Morphology-Property Interplay in Chemo-Mechanics of Ion-Intercalation Active Particles
Abstract
Morphology, material property, and mechanical constraint jointly govern the chemo-mechanical behavior of ion-intercalation particles, yet their coupled effects remain insufficiently understood. Here we establish a thermodynamically consistent single-particle framework and combine analytical solutions with multiphysics simulations to determine how these factors regulate lithiation and stress generation. We study hollow spherical, cylindrical, and ellipsoidal particles with isotropic or transversely isotropic material properties under fully constrained, inner-free, or unconstrained boundary conditions. We show that the transient lithiation pathway and the associated stress and strain fields are governed not by morphology, property, or constraint alone, but by their coupled interaction: isotropic particles are sensitive to the mechanical constraint, whereas transversely isotropic particles exhibit persistent heterogeneous lithiation dominated by anisotropic diffusivity.
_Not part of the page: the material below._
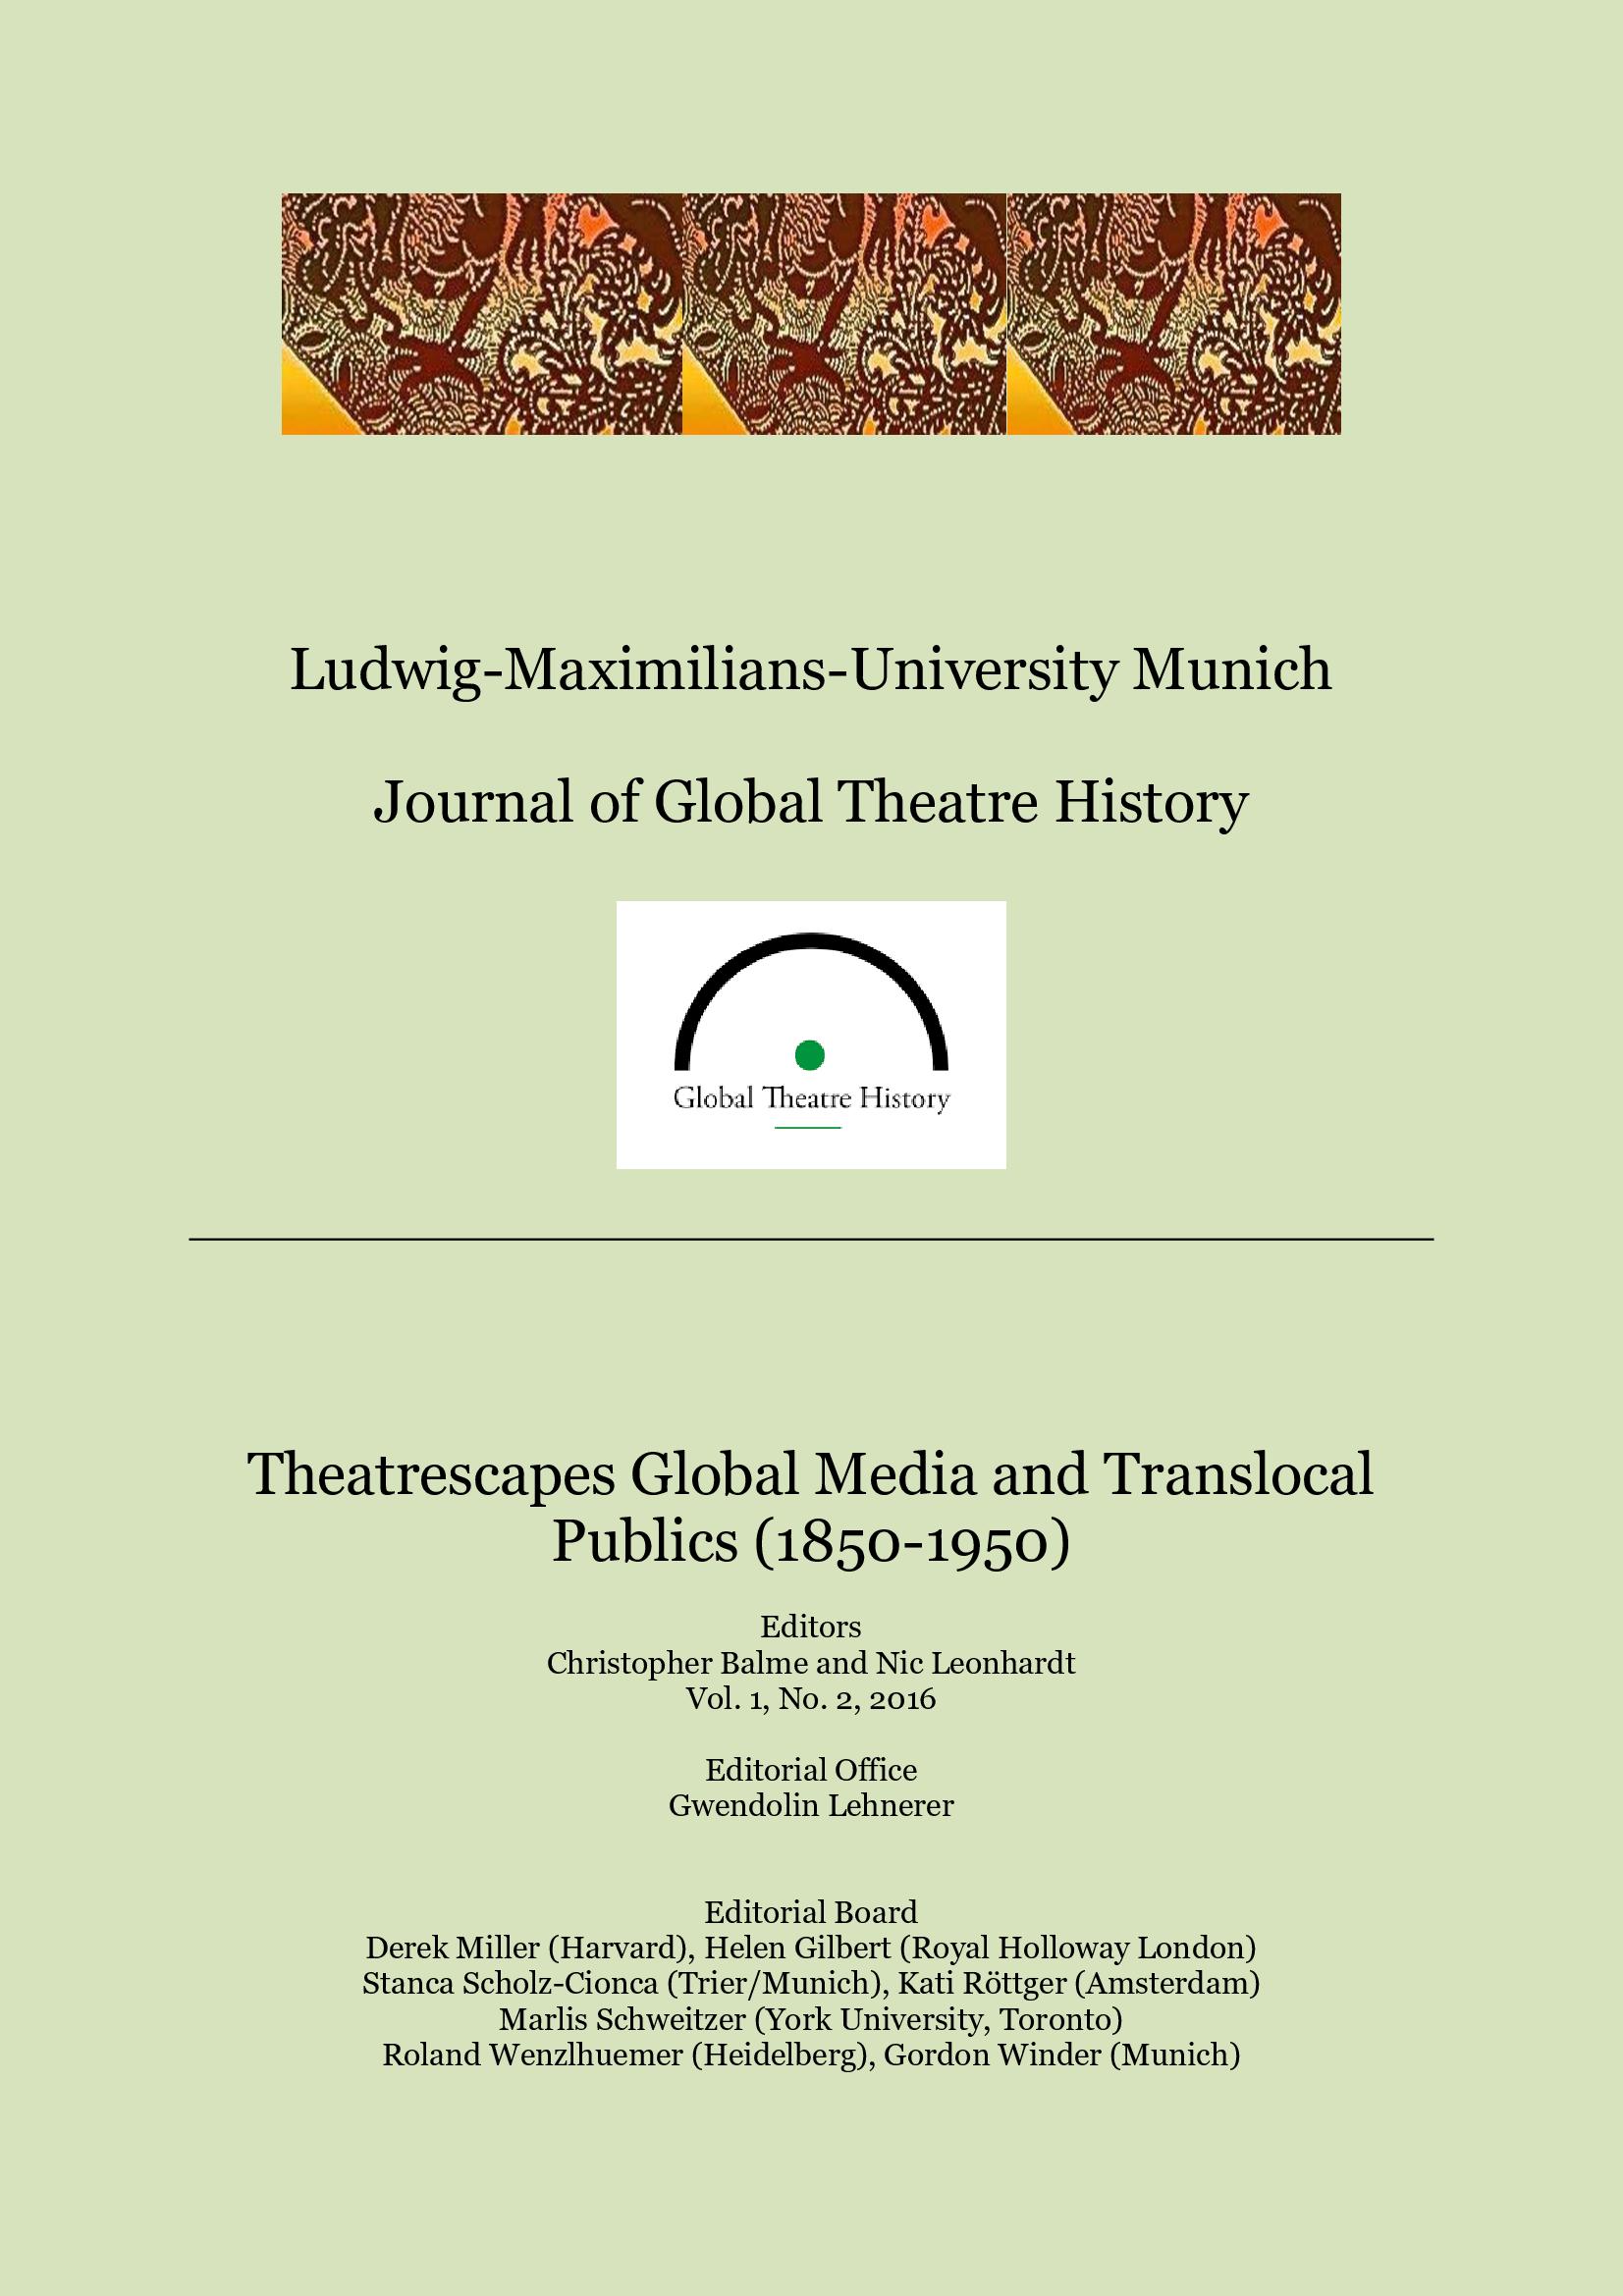 View Vol. 1 No. 2 (2016): Theatrescapes Global Media and Translocal Publics (1850-1950)

Flux decomposition analysis reveals that the mechanical contribution to Li flux is negligible in spheres but dominant in ellipsoids. Correlation analysis further shows that Li concentration and volumetric strain exhibit strong anti-correlation in unconstrained particles but weak correlation under full constraints. Bayesian optimization of hollow ellipsoids identifies Pareto-optimal morphologies that balance lithiation capacity against peak tensile stress. These results provide a unified framework for the morphology-property interplay in intercalation particles and offer morphology design principles for chemo-mechanical stability.